# What the exercise asks
Print the listing as it stands, omitting all images.

# Data shown
---
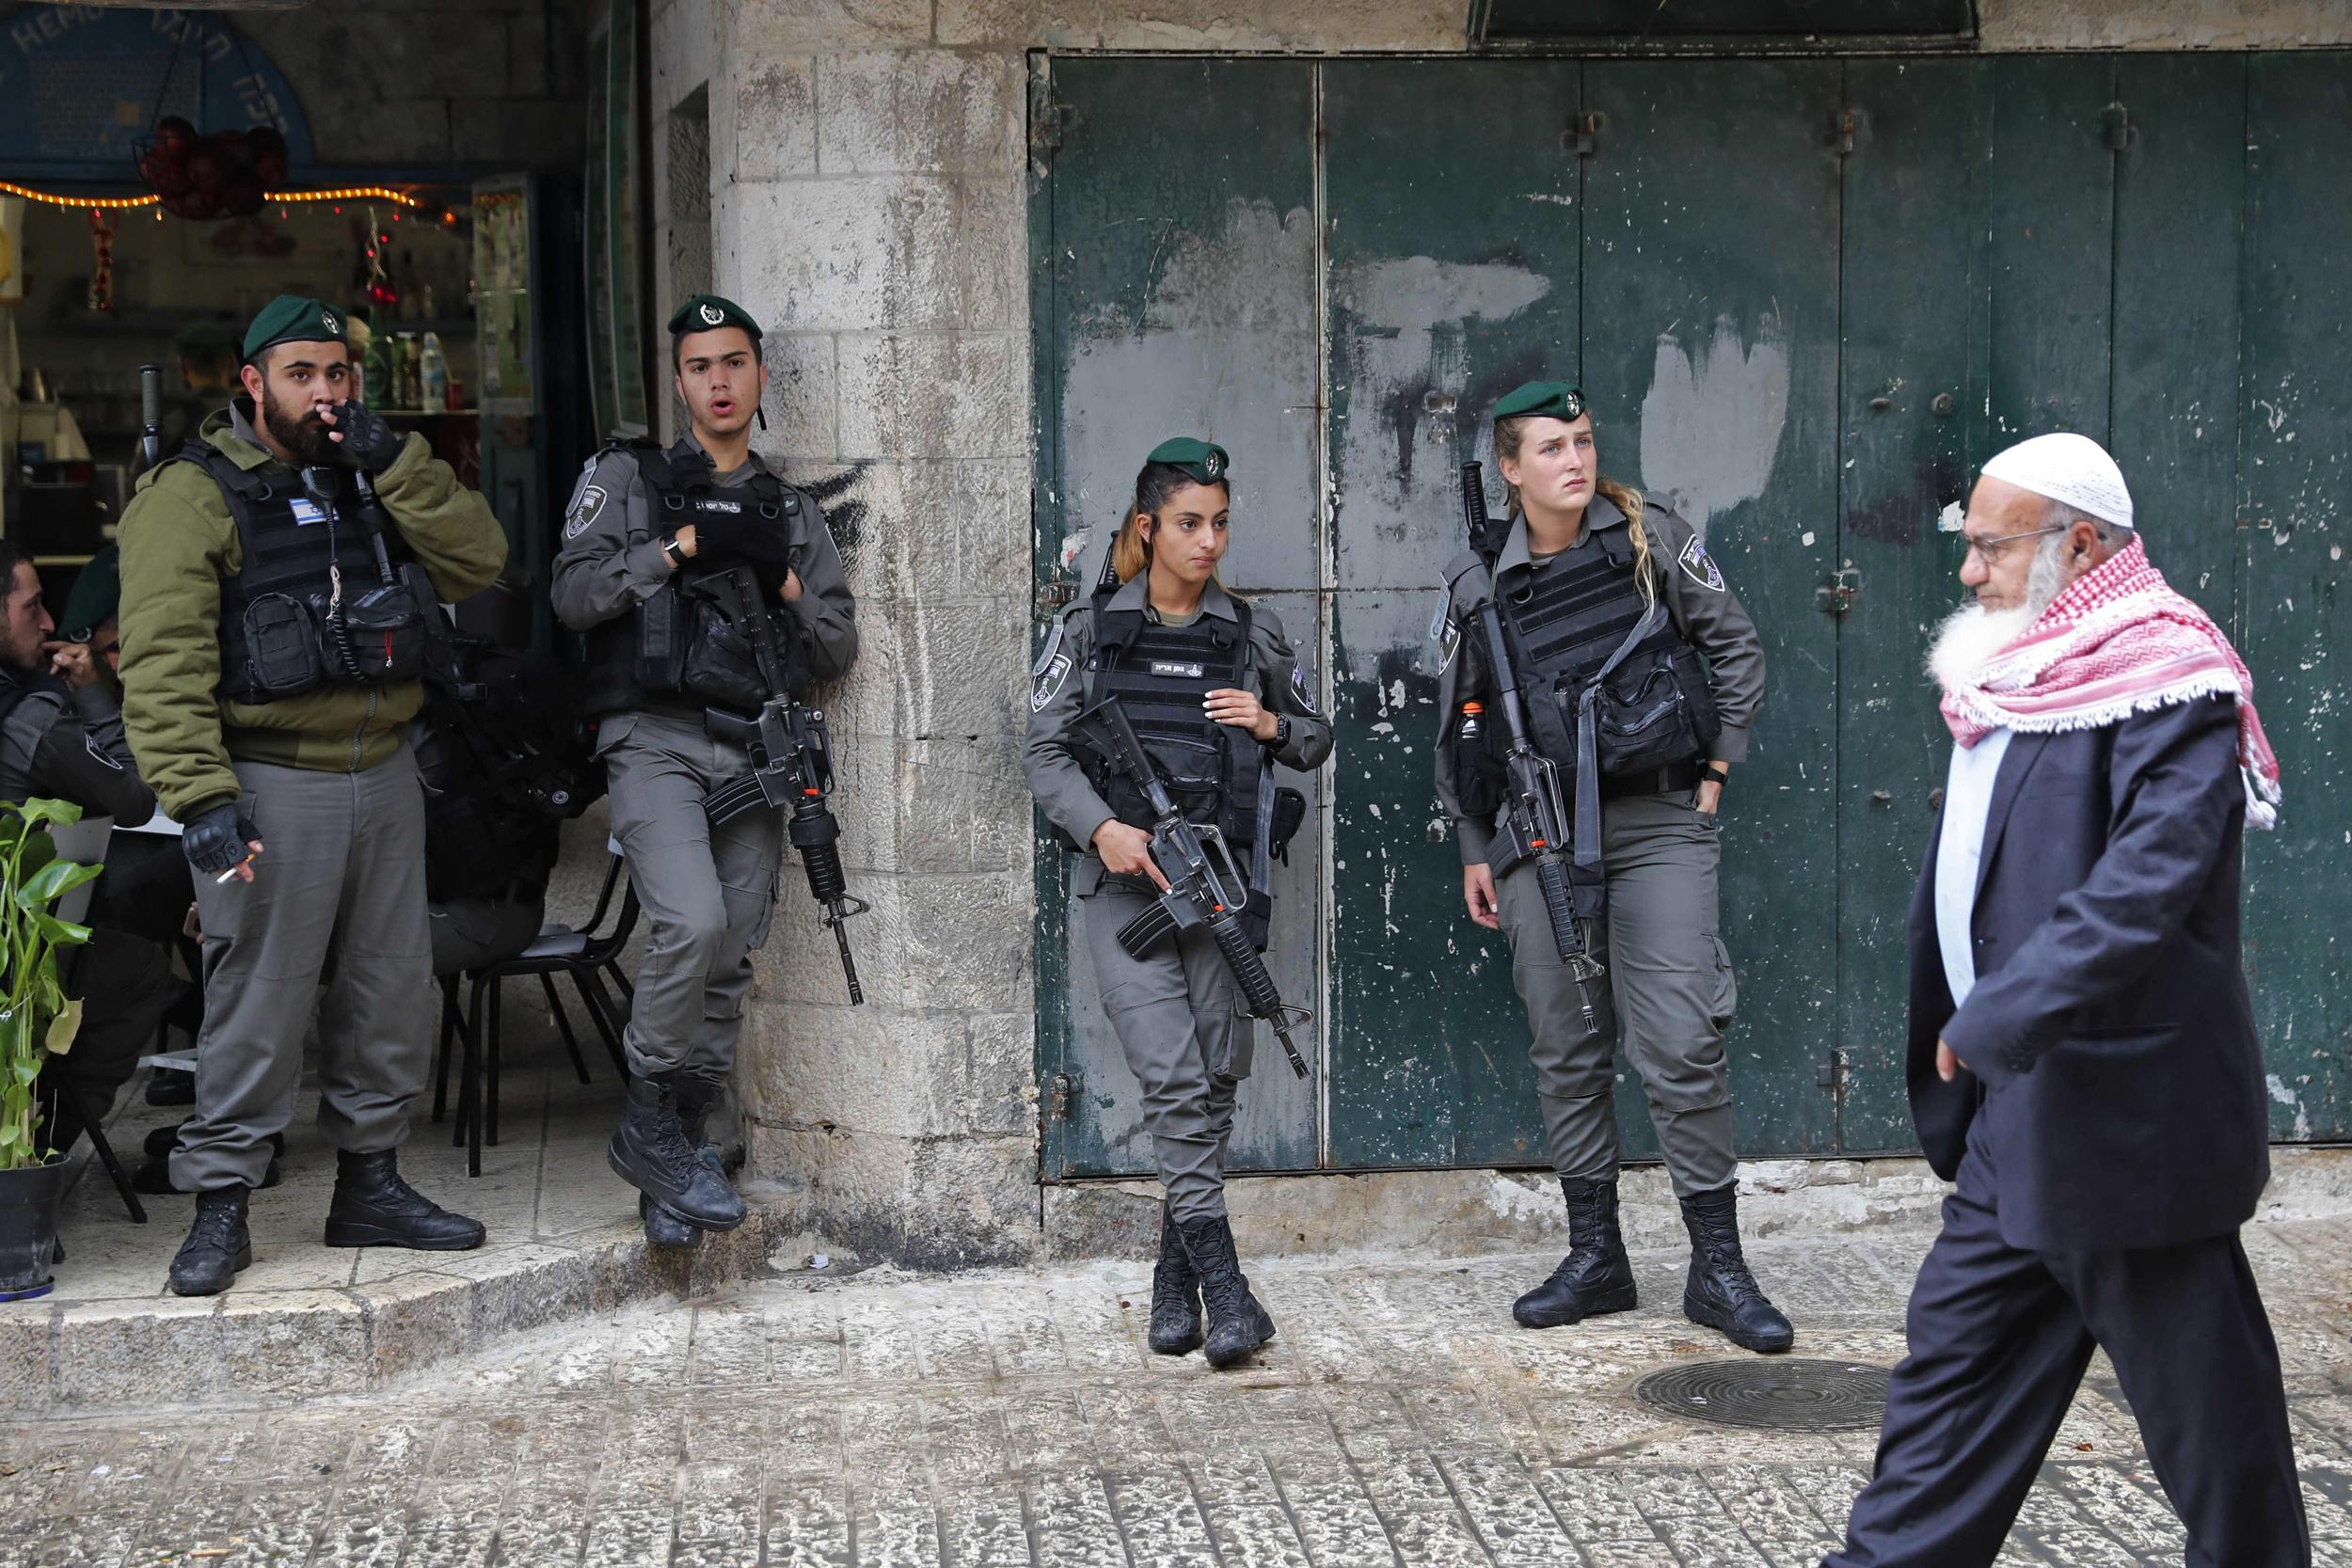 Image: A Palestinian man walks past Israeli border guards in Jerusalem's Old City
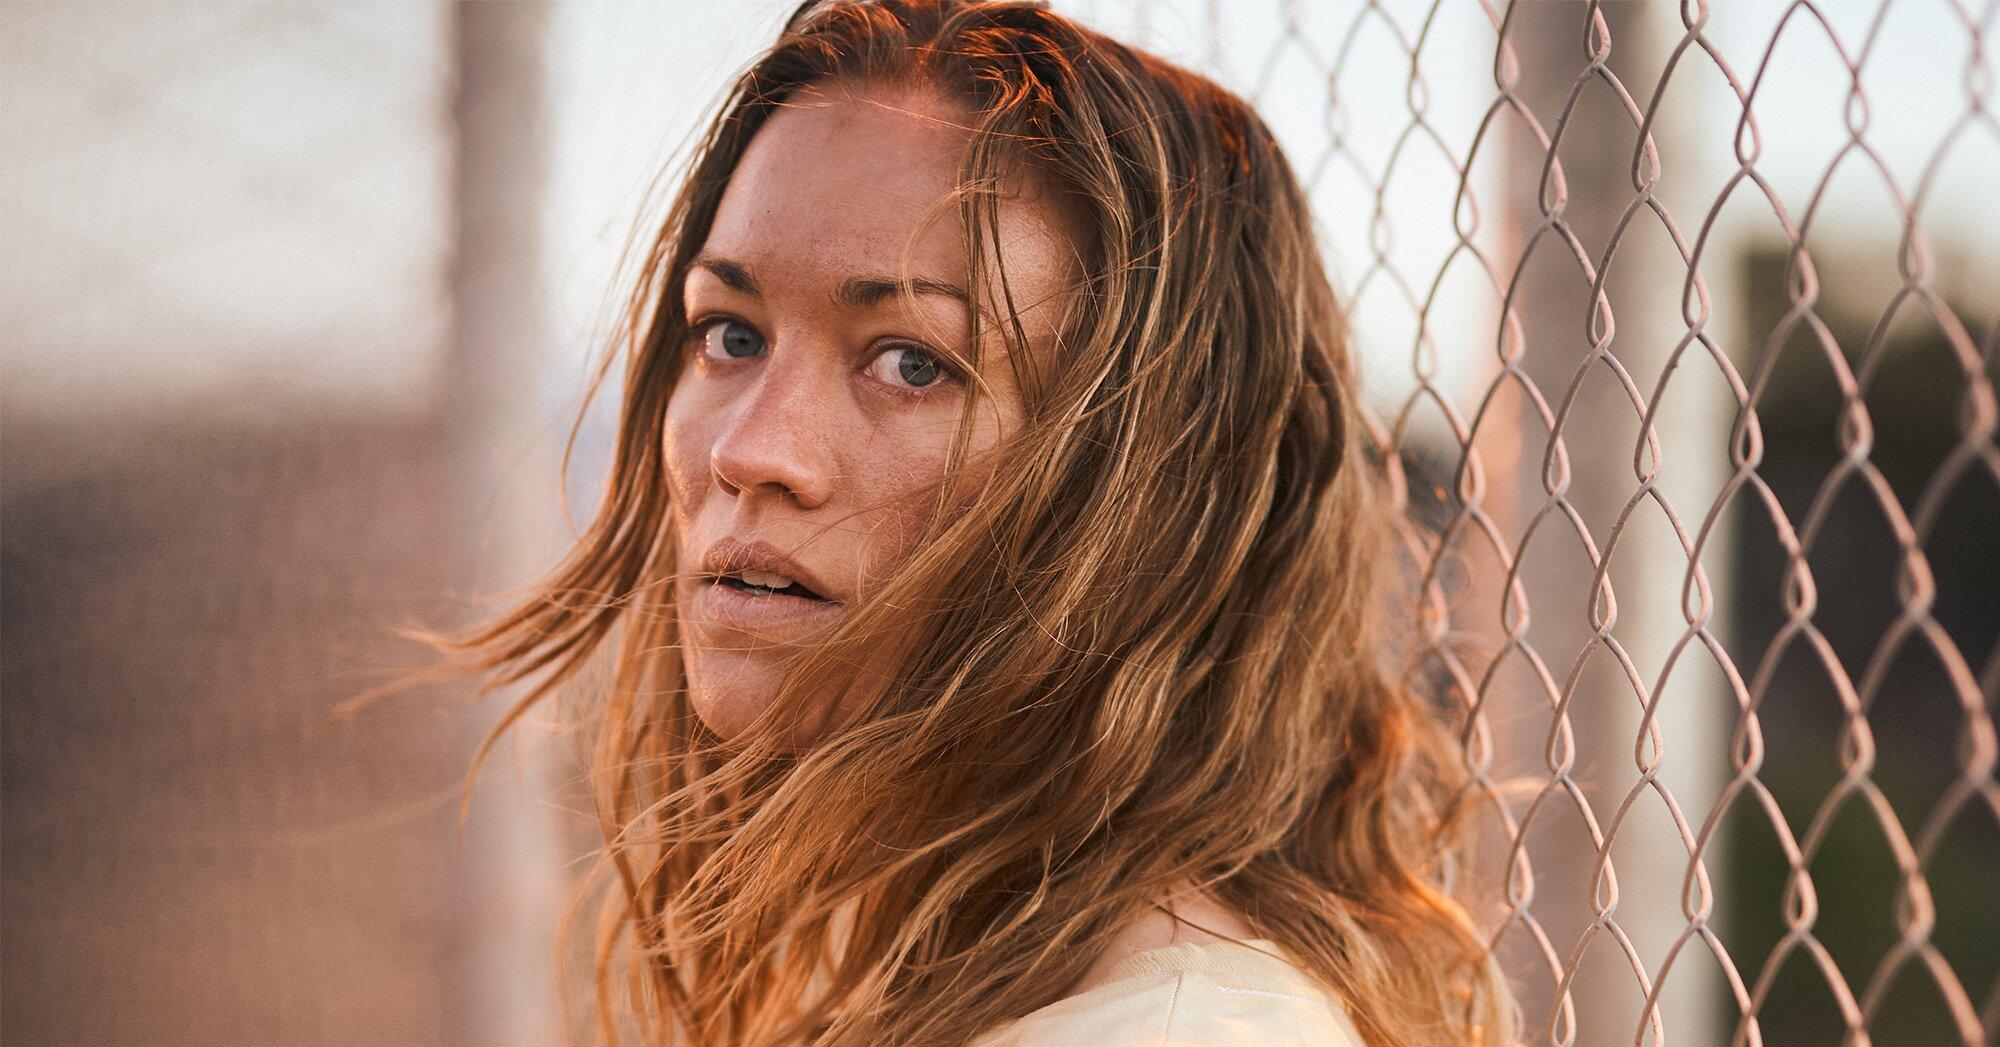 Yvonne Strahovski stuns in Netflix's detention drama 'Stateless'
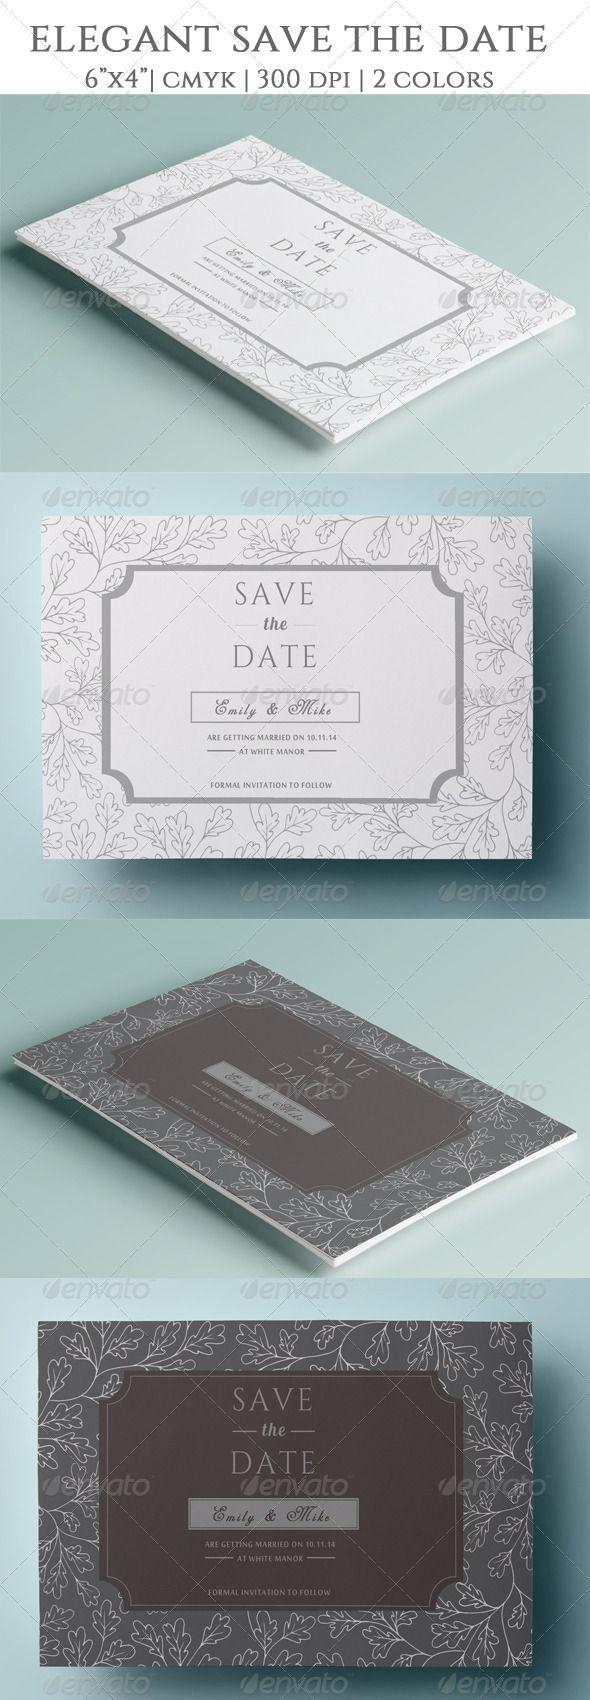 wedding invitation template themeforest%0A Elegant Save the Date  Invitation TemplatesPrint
---
# Answer to the problem
 Image: A Palestinian man walks past Israeli border guards in Jerusalem's Old City
 Yvonne Strahovski stuns in Netflix's detention drama 'Stateless'
 wedding invitation template themeforest%0A Elegant Save the Date  Invitation TemplatesPrint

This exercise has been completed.